To address the Kaiser view, which attributes cost problems to “medical technology” and the “costs of prescription drugs”, a greater emphasis on using cheaper generic drugs rather than the expensive and unnecessary brand name drugs, could significantly cut costs (Warden). This could be also be accomplished by allowing importation of prescription drugs. Senator John McCain espouses this belief stating importation is “another lost opportunity for cost containment.” He claims, “Americans spend hundreds of millions of dollars on imported pharmaceuticals – not because they don’t want to buy American, but because they simply can’t afford to (McCain).” Prescription drugs are much less expensive in Mexico, and other foreign nations. Mr. McCain wants America to have access to them, and feels Managed Care costs could be cut way down if America contracts with foreign companies. Those who oppose importations of inexpensive prescription drugs claim that there is no way of ensuring their quality. In a free market, a company’s reputation will determine its demand; thus, choice should be in the hands of the people, especially when it makes economic sense. To assume that the only country is capable of quality prescription drugs is the United States is naive. Generic and importation of prescription drugs will also help curb the effects of the largest consumer group, an aging baby boomer population.

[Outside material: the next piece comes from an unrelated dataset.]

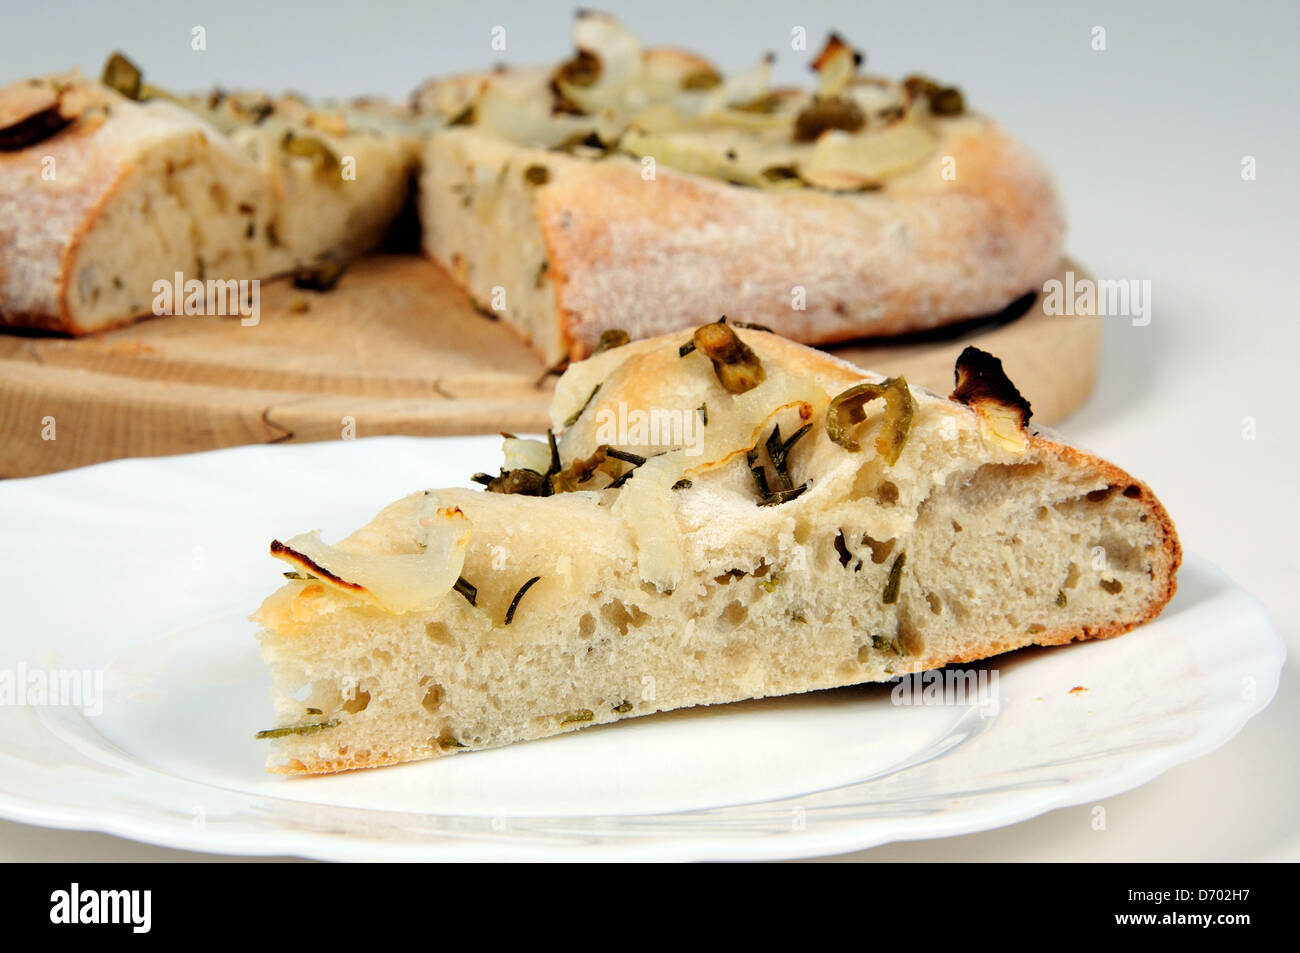 Italian green olive, Onion and Rosemary Focaccia bread. Stock Photo

Solutions by way of Legislation
There are numerous ways in which changes achieved through legislative means can be helpful to both employers and employees. Limiting the states ability to levy taxes and charge fees to a certain percentage would allow businesses and/or employees to better afford health care. Overtaxation of employers raises costs and kills businesses. Without businesses there are no jobs, and without jobs we have no economy. Businesses must be protected.
A cap on the amount of state legislation looked at per year (with federal government extension grants), would force legislators to budget time more efficiently. This would force the government to operate more like a business and focus on issues that matter such as Worker’s Comp, Managed Care, etc.
A solution to the problem of medical treatment of the uninsured is difficult to muster. On one side the spectrum, is to require individuals who have used medical services to pay the facilities back. On the other side, instituting a socialized medical plan for all can eliminate the uninsured status of individuals. Another solution to the problem could relate to the aforementioned limit of state taxation. By lowering taxes, perhaps companies would be able to operate at higher margins and be better able to fund employee’s health care.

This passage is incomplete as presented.